The present invention relates to an apparatus and method for loading and palletizing boxes and cartons, especially boxes and cartons containing agricultural products which are sitting in an agricultural field.
Many agricultural crops are harvested and packaged in boxes or cartons for immediate transportation to a market for sale to the consuming public. The most widely known example of such an agricultural product is lettuce, but many other products undergo a similar process. As a result, it is necessary to load the boxes and cartons containing the agricultural products onto a truck for transportation to a cooling facility or a loading facility, wherein the products are placed on rail cars or semi-trucks for transportation to the local market.
To date, no satisfactory apparatus or method has been devised wherein such boxes or containers may be loaded and stacked on a truck absent the use of significant manual labor. Farms producing such agricultural products typically have a crew of five workers who are responsible for loading the boxes and cartons containing the agricultural products onto each truck used to transport the products out of the fields.
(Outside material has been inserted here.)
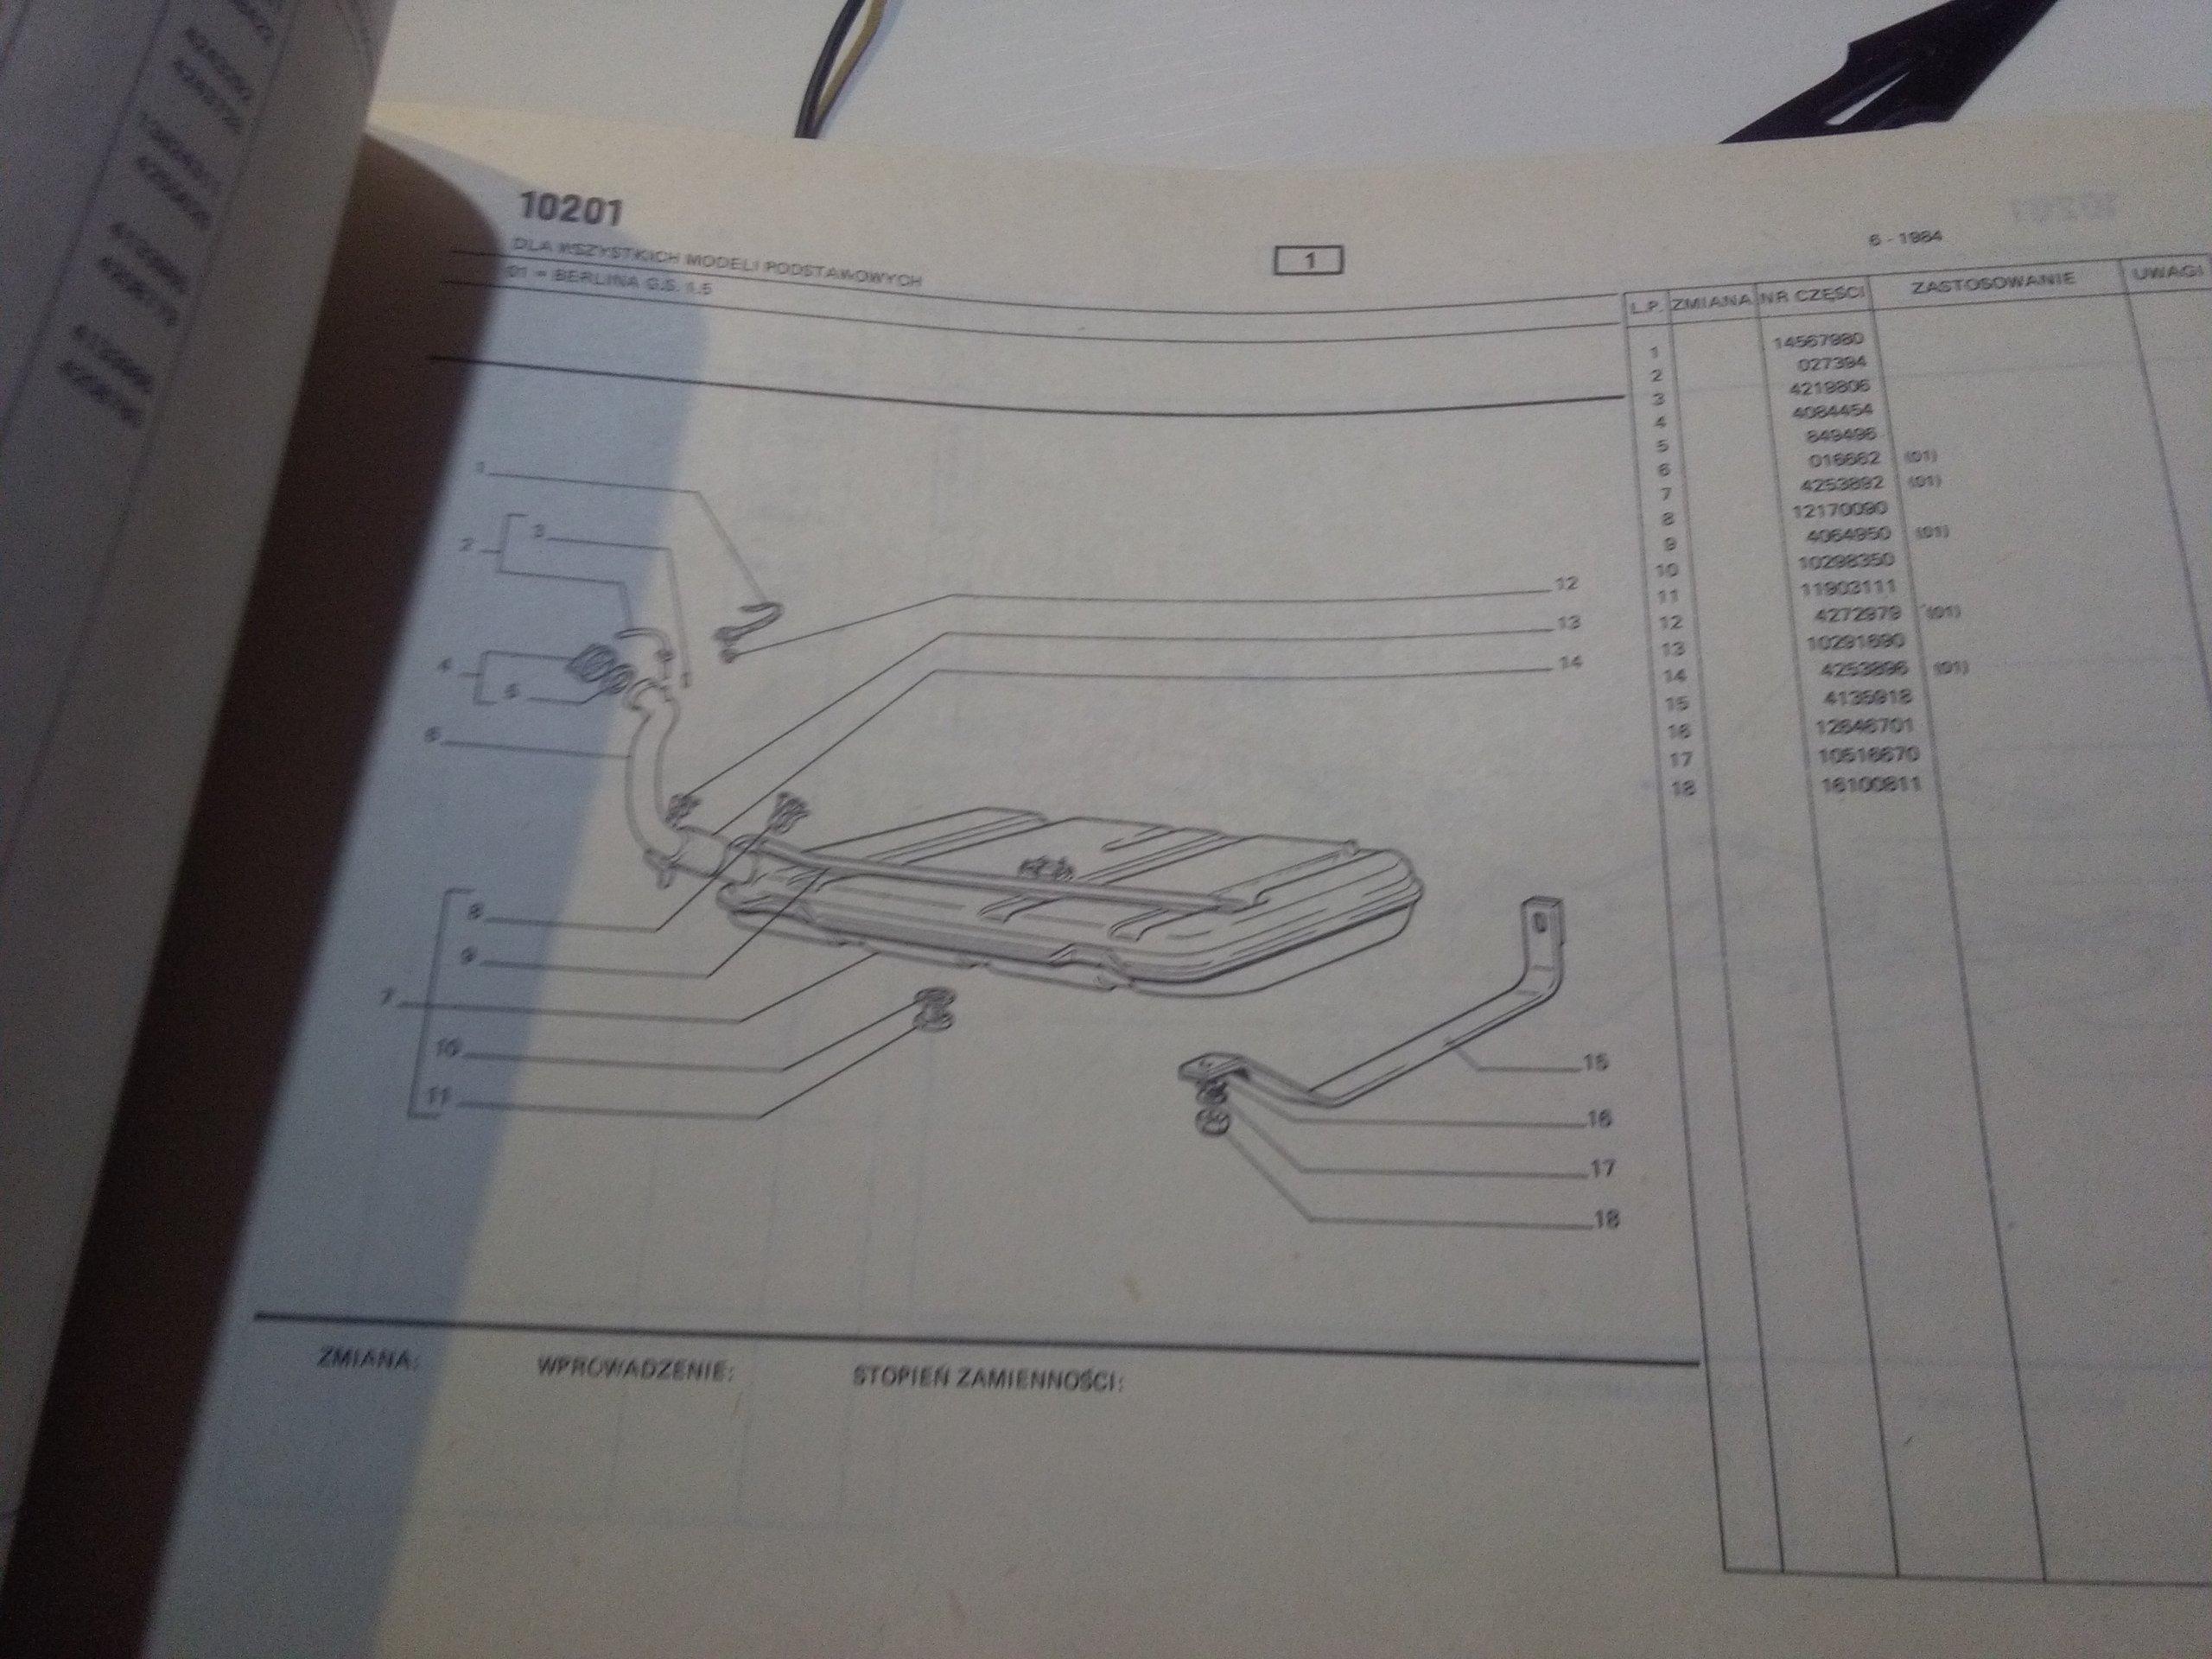 katalog części zamiennych fiat 125p fso aneks - 7017401336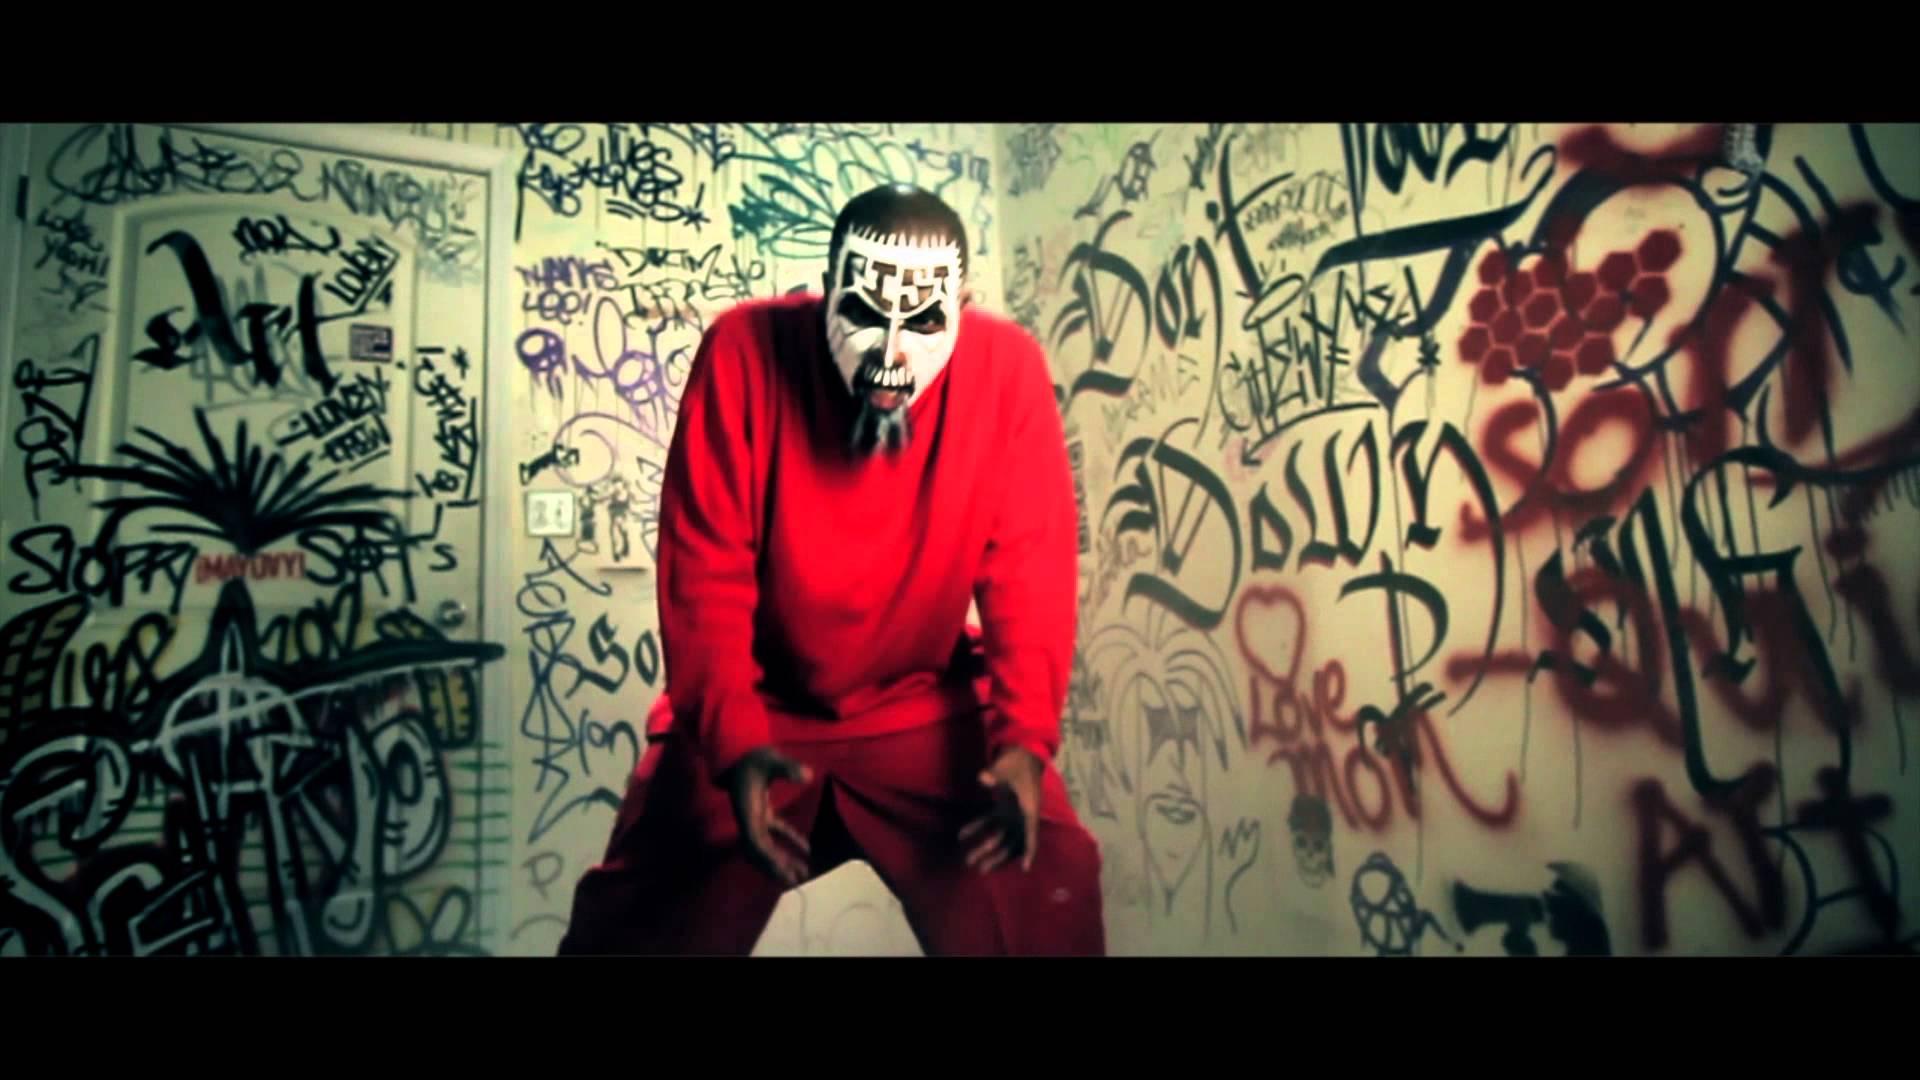 Gangsta wallpapers wallpaper cave - Wallpaper gangster hd ...

Typically, for each truck being loaded, the two persons known as loaders walk along the ground until they come to filled boxes or cartons containing the agricultural products. The loaders each manually lift and throw one of the boxes to one of the two persons who are standing on the truck bed and who are known as stackers. The stackers each catch and stack the containers or boxes of agricultural products onto pallets on the truck bed. A fifth person is required to slowly and carefully drive the truck through the fields while the loaders and stackers fill the truck.
As is easy to imagine, there are a number of inherent problems in this arrangement. First, significant injuries to the loaders or the stackers may result from their activities in the field. Moreover, loading is slow, inefficient and subject to the various problems associated with worker dissatisfaction. Other problems with such an arrangement include the high cost of manual labor for retrieving filled boxes or containers of agricultural products from the field.
Conventional loading and palletizing machines are unacceptable due to the uneven surface and rough terrain of an agricultural field. One attempt to provide a device for use in a field under similar circumstances is set forth in Adam, U.S. Pat. No. 4,355,713, patented Oct. 26, 1982. As is seen from a reading of that reference, the Adam device relates to a mechanism by which cartons of agricultural products may be lifted from their resting place in the field and placed on a conveyor belt. The Adam device, however, has encountered reliability and maintenance problems due to the working environment of the agricultural field. In addition, the Adam device does not negate the need to manually lift and stack the boxes or cartons onto the truck bed and the concomitant problems associated therewith.